The Presidents Address
Friday, July 3, 2009 at 10:55 Lord Hoffman – informative and instructive as always!

The June 2009 meeting of TIPLO was a time for contemplation and reflection as the Honorary President Lord Hoffman delivered an address to coincide with his retirement from the House of Lords. It was no surprise therefore that so many attendees packed into Gray’s Inn to hear the words of a man who has contributed so much to the field of Intellectual Property.

Lord Hoffman’s address began by recounting the early days of his legal career. One of his first encounters with IP was whilst acting for the claimant in an interlocutory motion to stop the filming of an Oscar Wilde production. The motion was ultimately unsuccessful but it sparked an interest in IP which was to continue over the next 40 years. He described with some regret that even whilst sitting as a Judge he did not have as much time as he would have liked to contemplate the wider policy issues of the subject - this is something with which busy practitioners can often identify!
There were however certain cases which could focus one’s mind. As an example of this Lord Hoffman cited the cases of Biogen and Lunbeck and how deliberating on the extent to which patent claims should relate to the inventive concept made one consider what the patent system is all about and the extent of the monopoly it should offer the patentee.
In Biogen, as readers will know Sir Kenneth Murray discovered a way to make artificial molecules of DNA to induce production of hepatitis B antigens as a tool to investigate vaccines and assist in the diagnosis of the disease. The House of Lords (in Lord Hoffman’s leading judgement) held that the process claim was too broad and the patentee should not be entitled to a monopoly in the whole field of producing such DNA molecules as this would stifle further research and healthy competition. In other words, one should not eat what one does not kill.

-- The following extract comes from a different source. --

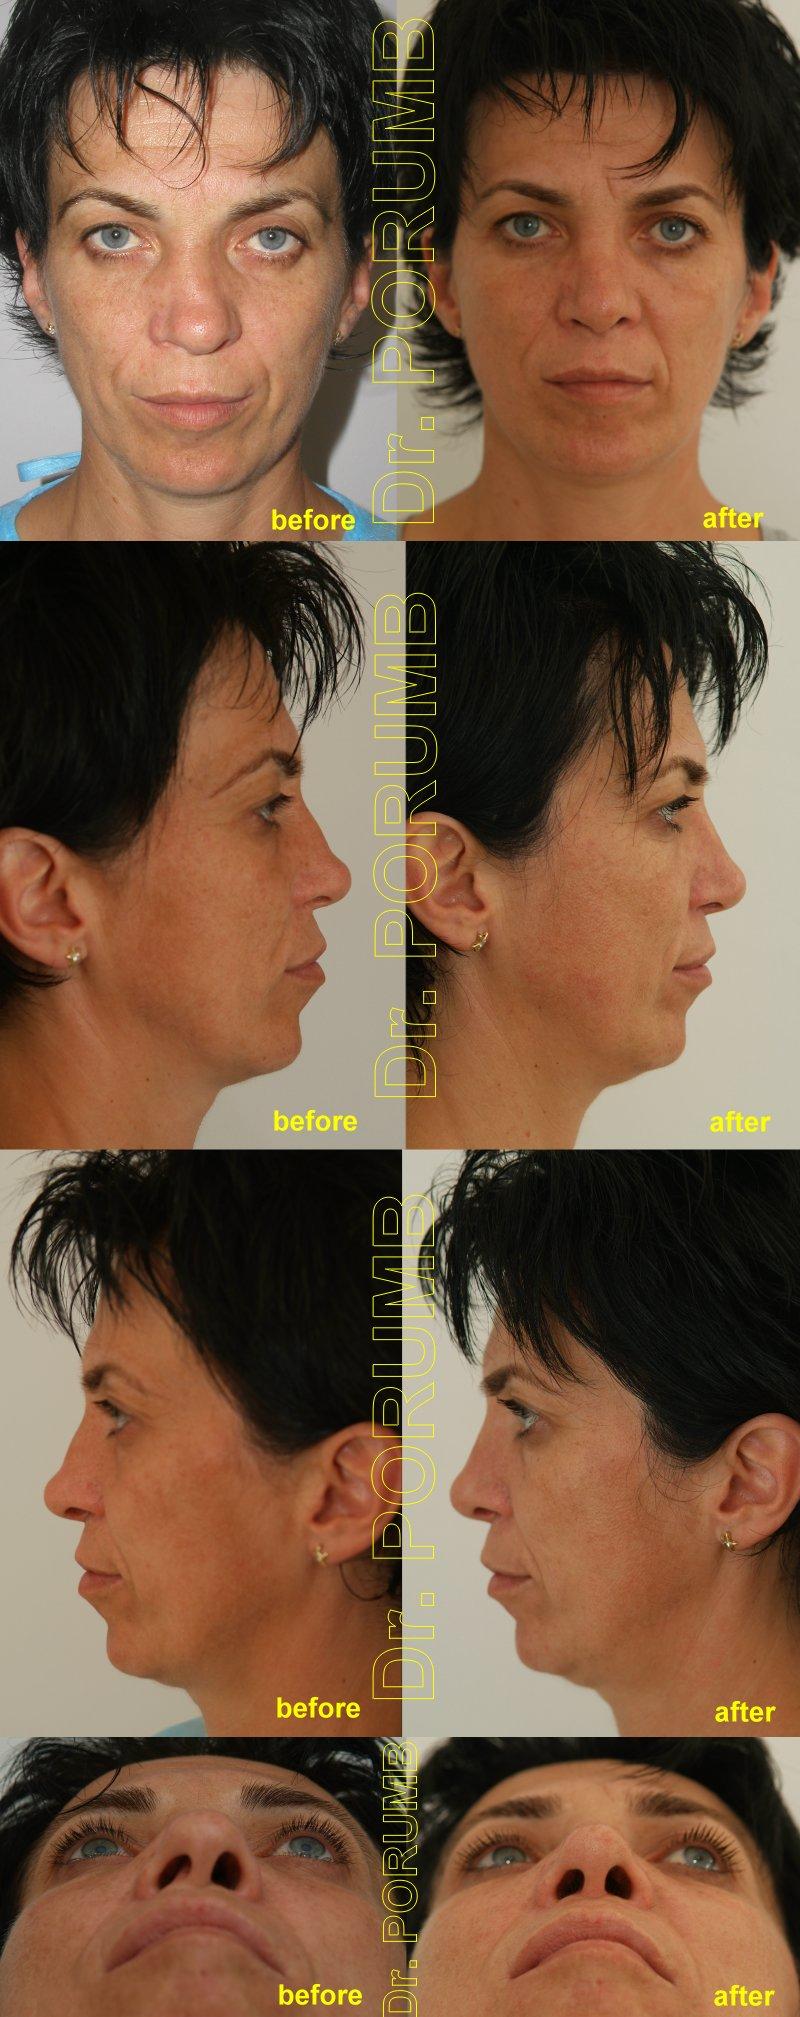 Pacienta in varsta de 37 de ani, prezentand un traumatism vechi nazal cu strambarea si infundarea nasului intr-o parte, o depresiune si cocoasa la nivelul nasului si deformarea majora a narii drepte, deviatie de sept cu dificultati respiratorii majore

His Lordship then made a comparison with the case of Lundbeck. At first instance, Kitchin J following the Biogen principle, held that the patent (a pure product patent for the (+) enantiomer of the anti depressant drug citalopram) was invalid as, having regard to the technical contribution, it would be disproportionate to allow Lunbeck a monopoly on all the methods of producing the (+) enantiomer. However, the Court of Appeal (on which Lord Hoffman unusually sat) and the House of Lords took a different view and distinguished the Biogen principle on the grounds that Lundbeck’s patent was for a product rather than a process. Provided that the patent disclosure is enabling (and is new and not obvious), the issue of whether the scope of the product claims are commensurate to the technical contribution or inventive concept may not be of such great significance.
It therefore seemed that there was something special about product claims. In a product claim the primary concern is what has been invented, whereas in a process claim it is the manner in which the invention has been achieved. Thus, on the Lundbeck principle, the potential scope of a product patent’s monopoly is much wider than would be afforded to a process claim.
Lord Hoffman also drew some interesting contrasts between the Lundbeck cases in the UK and Dutch courts. Whereas the House of Lords held the patent was valid, the Hague District Court held that the equivalent patent was invalid for lack of inventive step. So, two different systems and each provides different answers.
In concluding his address His Lordship left the audience with some thought provoking questions regarding the scope of protection which the IP system should offer: should the patent system offer protection to products which have no more than a placebo effect on the patient? Is it enough that people are willing to buy the product? Similar principles can be applied to the fields of copyright and trade marks. Should one be entitled to trade mark protection simply because the mark is not misleading? His Lordship conceded that there was no way to establish definitively whether a narrower or a broader approach was better.
There then followed a question and answer session which picked up on various threads of Lord Hoffman’s address. In particular there was a lively discussion on the use of documents in UK patent litigation and how that compared to other European countries such as Germany and the Netherlands. The view was expressed that, in the UK at least, most judges would have an instinctive feel of what the prospects of success in a case are likely to be and that disclosure will not make a difference. This led on to the issue of whether the amount of money spent on patent litigation was justifiable and whether it increased a party’s prospects of success. It was put forward that in certain narrow cases it might have a positive effect but as a whole the benefit was questionable.

The evening was chaired by Lord Scott who entertained the audience with a mix of good humour and considered contributions. As ever, Lord Hoffman was informative and instructive. TIPLO is very grateful to him and Lord Scott for a thoroughly enjoyable evening.